Im so tempted to put that Demotivational Poster but wont because the mods may be watching 

Can anyone help a folk with a bloodlust problem?  Im a serious grudgeholder, and Im scared one day Im gonna get forced into afight and itll get out of hand, if you know what i mean.


----------



## Uro (Sep 14, 2009)

Takumi_L said:


> You seem to be a common internet attention whore.


Pretty much yea.



tyrant_wolf3939 said:


> Well, i see your point, but i am glad to be who i am. God made me this way, and this is how i will stay. I am glad to be a human.


ALL MIGHTY JESUS CHRIST. THE POWER COMPELS YOU!



Kitsune Dzelda said:


> Can anyone help a folk with a bloodlust problem?  Im a serious grudgeholder, and Im scared one day Im gonna get forced into afight and itll get out of hand, if you know what i mean.

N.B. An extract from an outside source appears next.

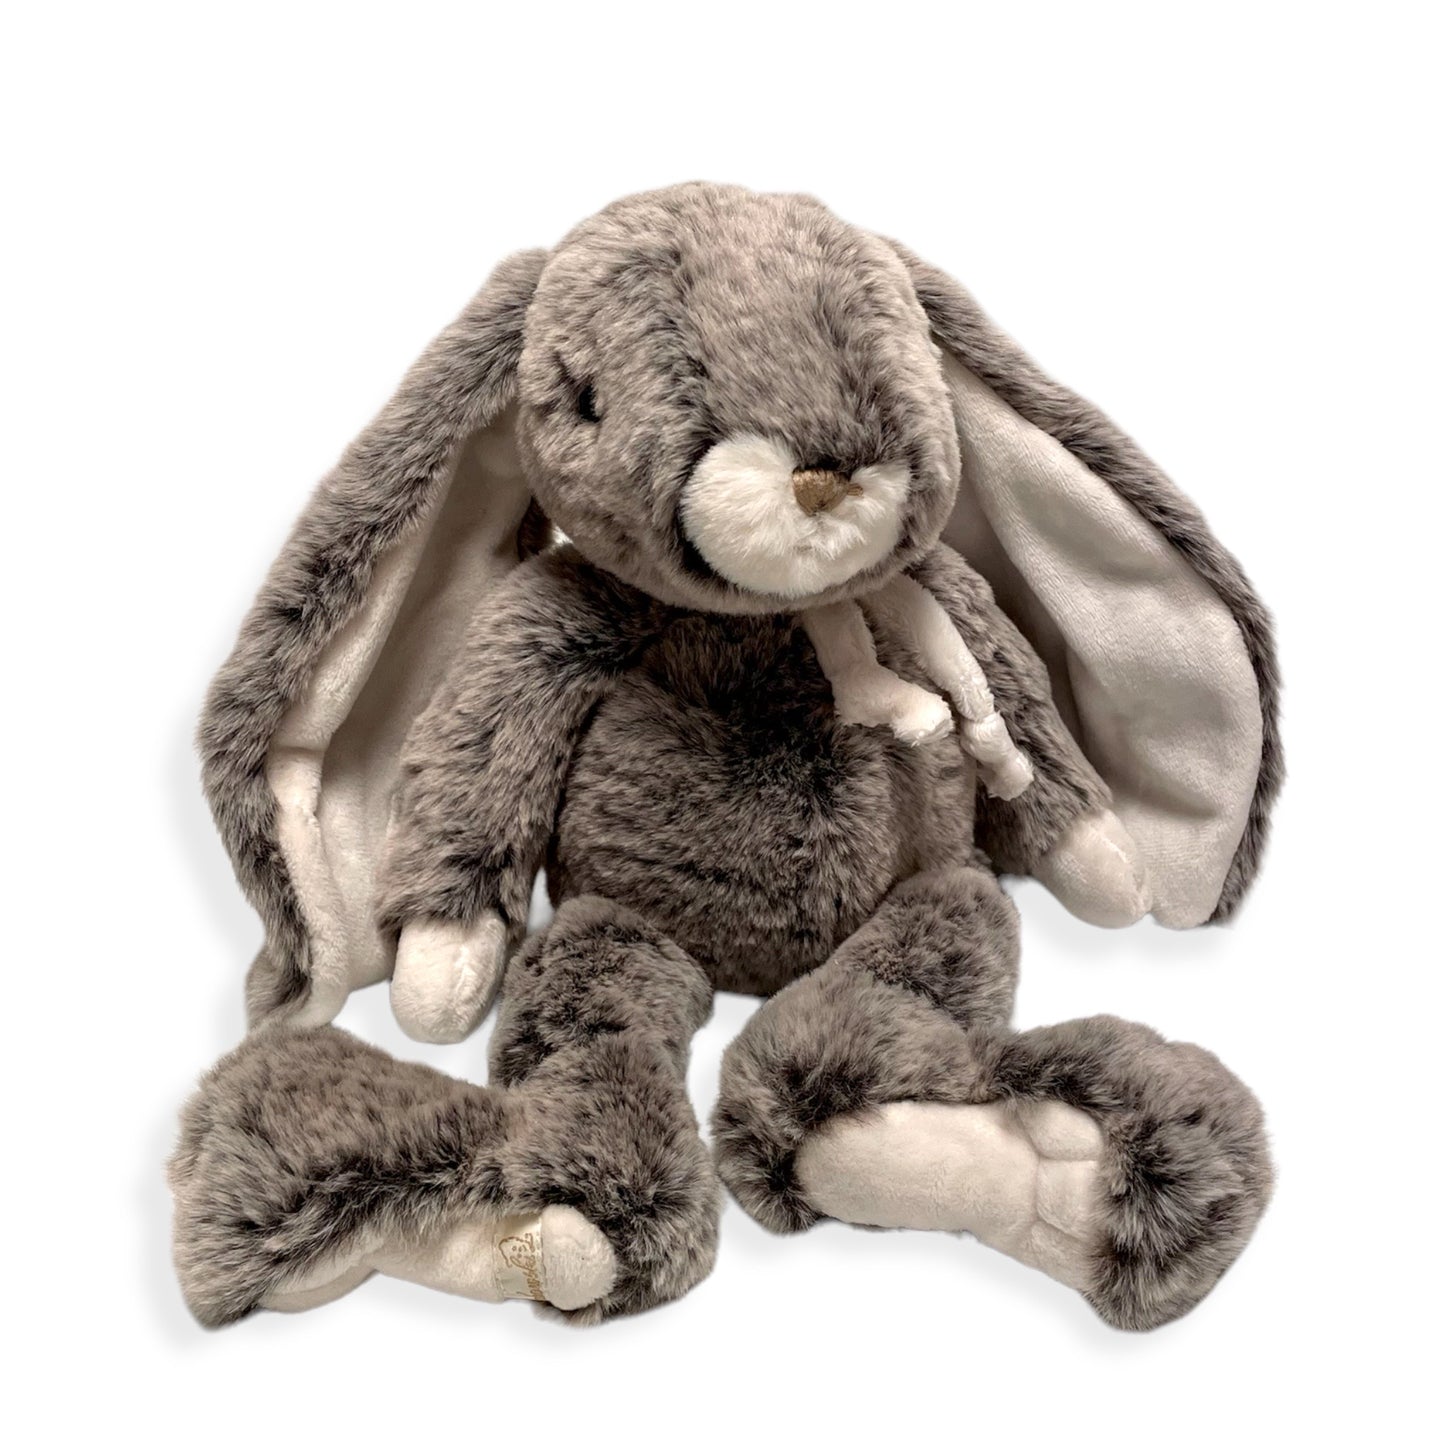 Mjuk kanin med namn broderat i örat. Kaninen är ganska stor och extremt mjuk och gosig. Gyllene Tråden broderar barnets namn i örat på beställning.

RPing doesn't work in real life. Just thought I'd let ya know.


----------



## AlienkittyII (Sep 14, 2009)

tyrant_wolf3939 said:


> Well, i see your point, but i am glad to be who i am. God made me this way, and this is how i will stay. I am glad to be a human.



XD cool. you have the same avatar that my bf has at another web site


----------



## AlienkittyII (Sep 15, 2009)

Takumi_L said:


> You seem to be a common internet attention whore.



I am not attention whore, I am an info whore.


----------



## twelvestring (Sep 15, 2009)

So it is a spiritual thing for you right. Nothing wrong with that. Some people will say you're weird and you took a wrong turn in life. But we are nothing more than the accumulation of the events in our lives. This is just the path that the events in your life lead you. Most people think timothy treadwell was messed up. But he still lived his life the way he wanted...you know until he was eaten. In any case I don't think anythings wrong with ya.


----------



## Kitsune Dzelda (Sep 16, 2009)

Wish folks'd say that about me.

 Its make moving and generally lif ein general alot more bearable.


----------



## twelvestring (Sep 16, 2009)

Kitsune Dzelda said:


> Wish folks'd say that about me.
> 
> Its make moving and generally lif ein general alot more bearable.


I don't know your situation but it applies to pretty much everyone.:smile:


----------



## Kitsune Dzelda (Sep 16, 2009)

twelvestring said:


> I don't know your situation but it applies to pretty much everyone.:smile:


 
Theyre just too damned man about it to fess up though


----------



## AlienkittyII (Sep 17, 2009)

twelvestring said:


> So it is a spiritual thing for you right. Nothing wrong with that. Some people will say you're weird and you took a wrong turn in life. But we are nothing more than the accumulation of the events in our lives. This is just the path that the events in your life lead you. Most people think timothy treadwell was messed up. But he still lived his life the way he wanted...you know until he was eaten. In any case I don't think anythings wrong with ya.



Thank you ^_^ 



Kitsune Dzelda said:


> Theyre just too damned man about it to fess up though



XD i agree


----------



## Tantroo_McNally (Sep 17, 2009)

#1) Human beings are animals... So when people say, "You think you're an animal? You're crazy!" No if they thought they were a plant, then they'd be crazy. 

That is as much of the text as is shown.